**WHAT THE TASK ASKS:**
In the records below, find the line containing "depth: 51 cm", then print it and every following line exactly, through the last, without pictures.

**MATERIAL TO PROCESS:**
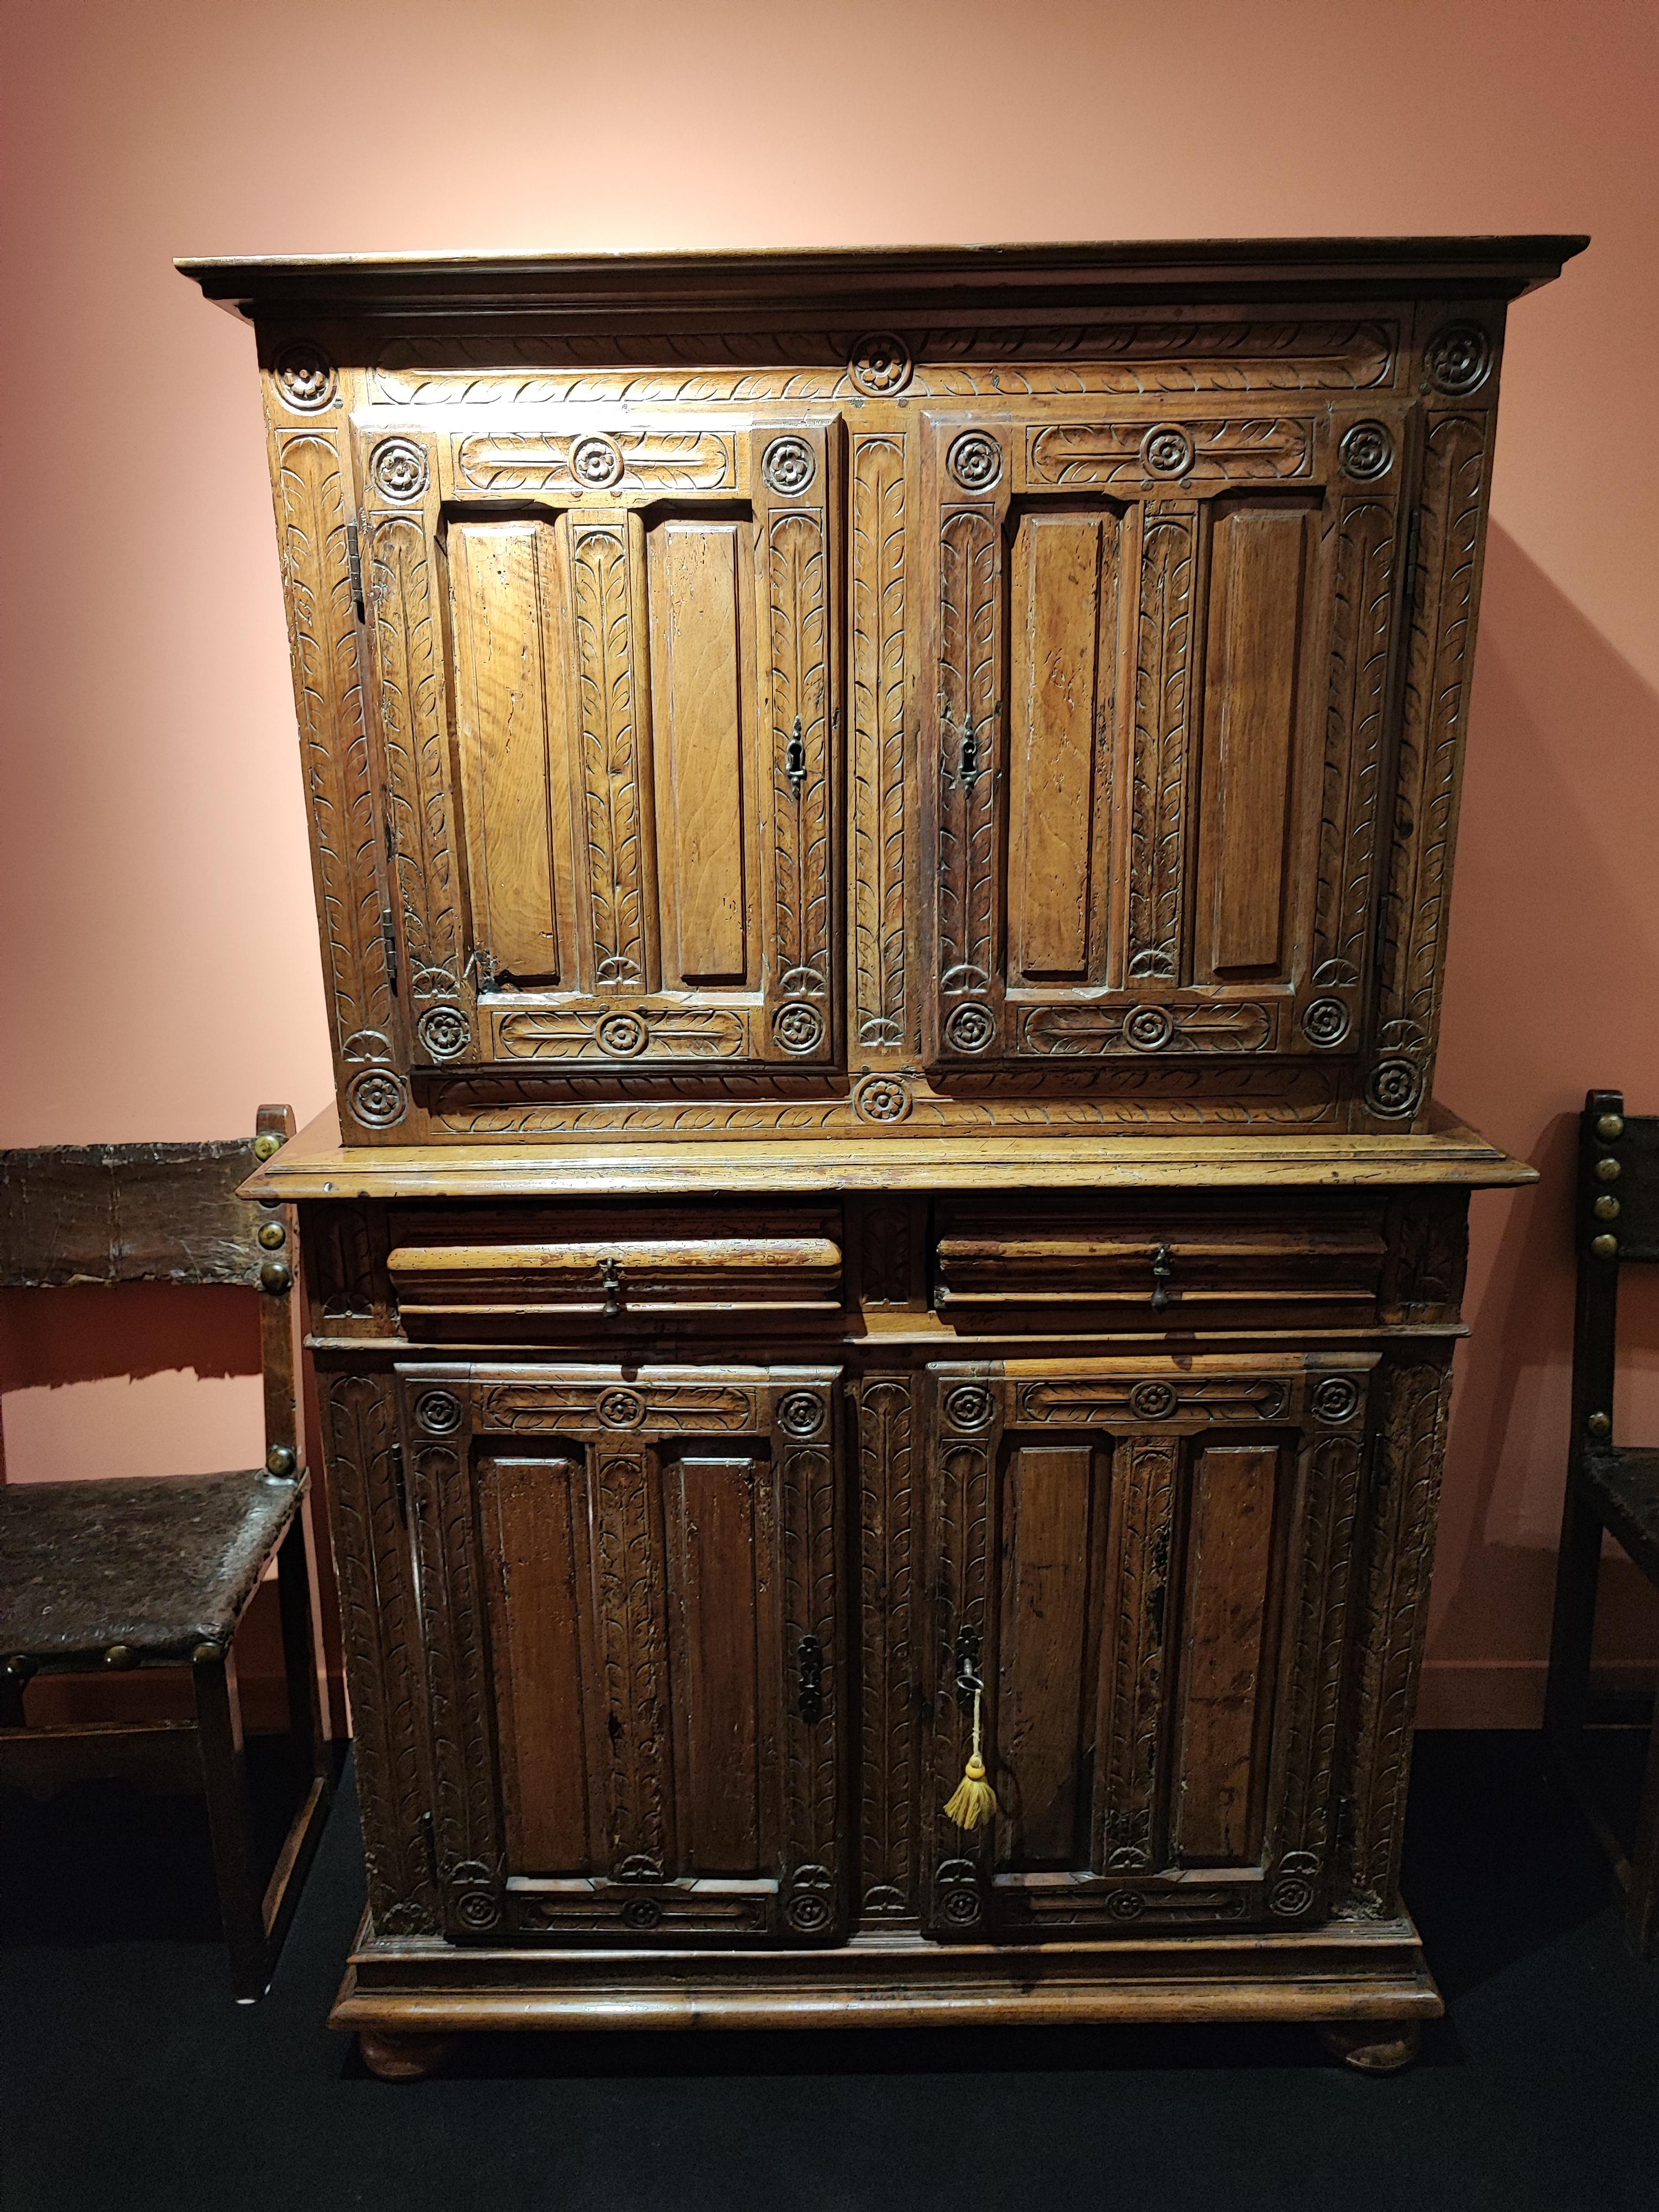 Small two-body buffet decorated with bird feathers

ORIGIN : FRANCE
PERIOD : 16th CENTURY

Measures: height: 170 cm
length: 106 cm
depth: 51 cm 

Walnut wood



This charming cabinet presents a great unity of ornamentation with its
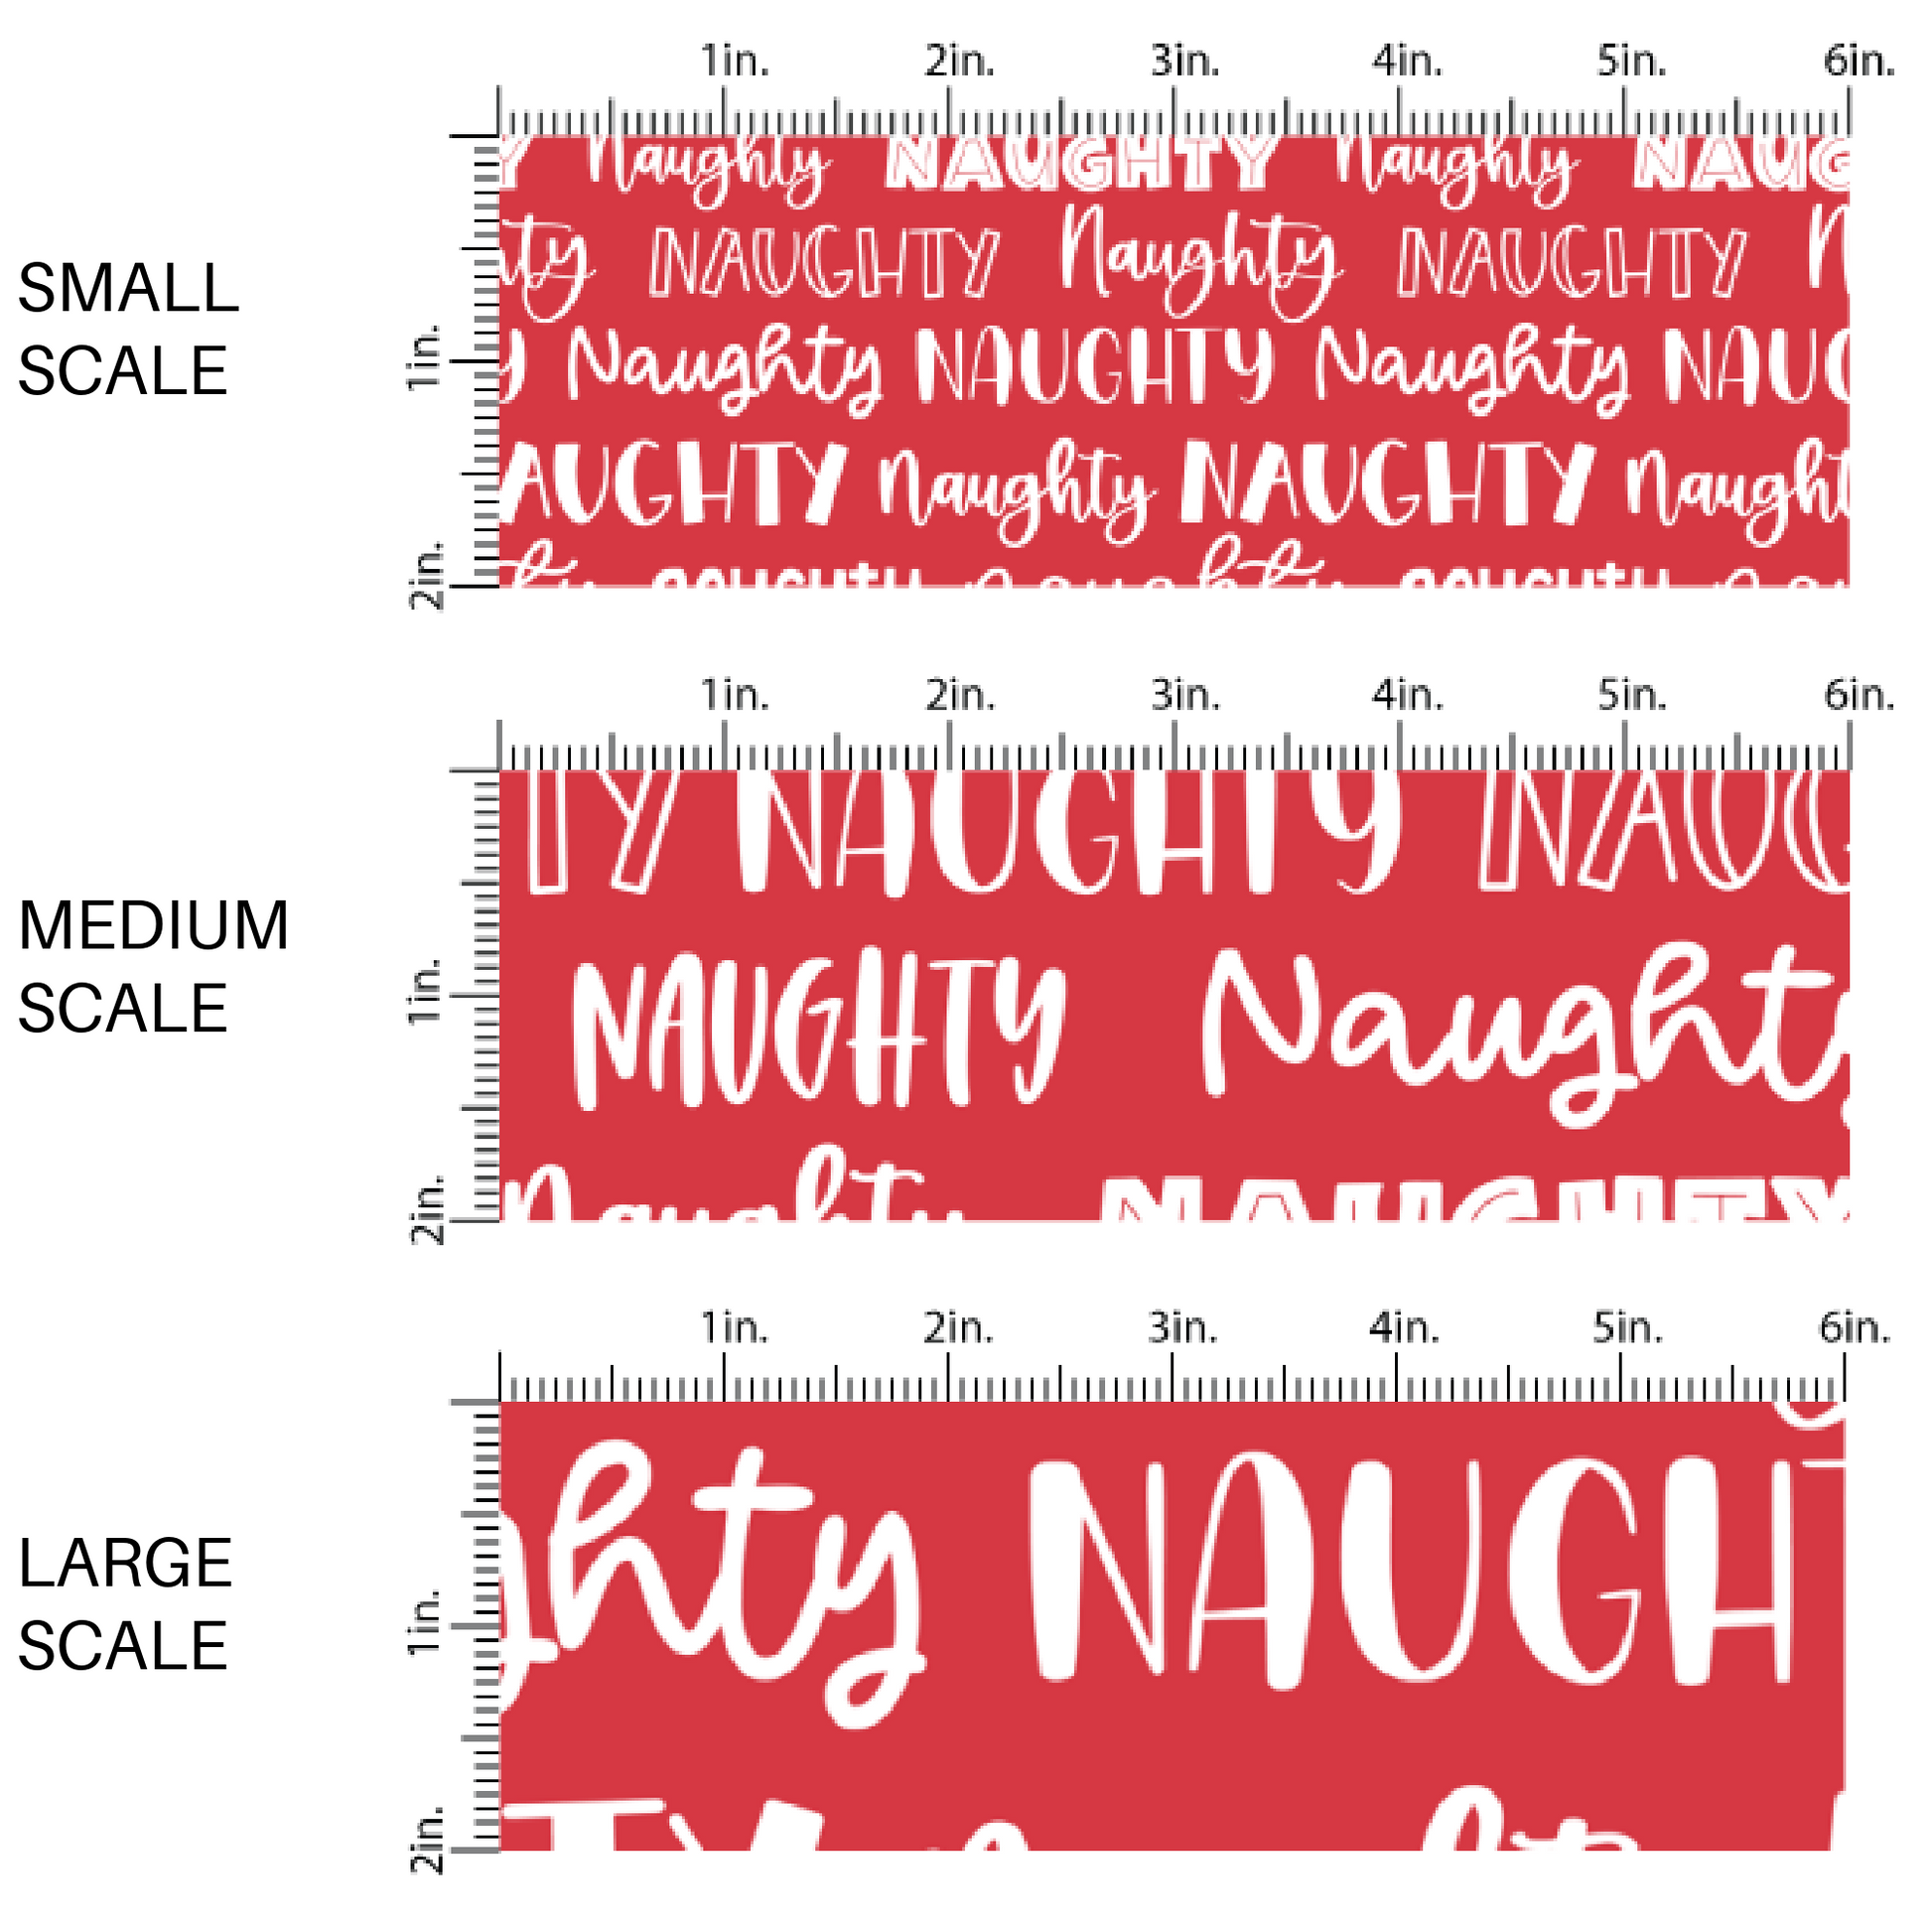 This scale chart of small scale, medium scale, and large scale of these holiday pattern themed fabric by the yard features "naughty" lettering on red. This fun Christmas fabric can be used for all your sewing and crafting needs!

**ANSWER BELOW:**
depth: 51 cm 

Walnut wood



This charming cabinet presents a great unity of ornamentation with its
 This scale chart of small scale, medium scale, and large scale of these holiday pattern themed fabric by the yard features "naughty" lettering on red. This fun Christmas fabric can be used for all your sewing and crafting needs!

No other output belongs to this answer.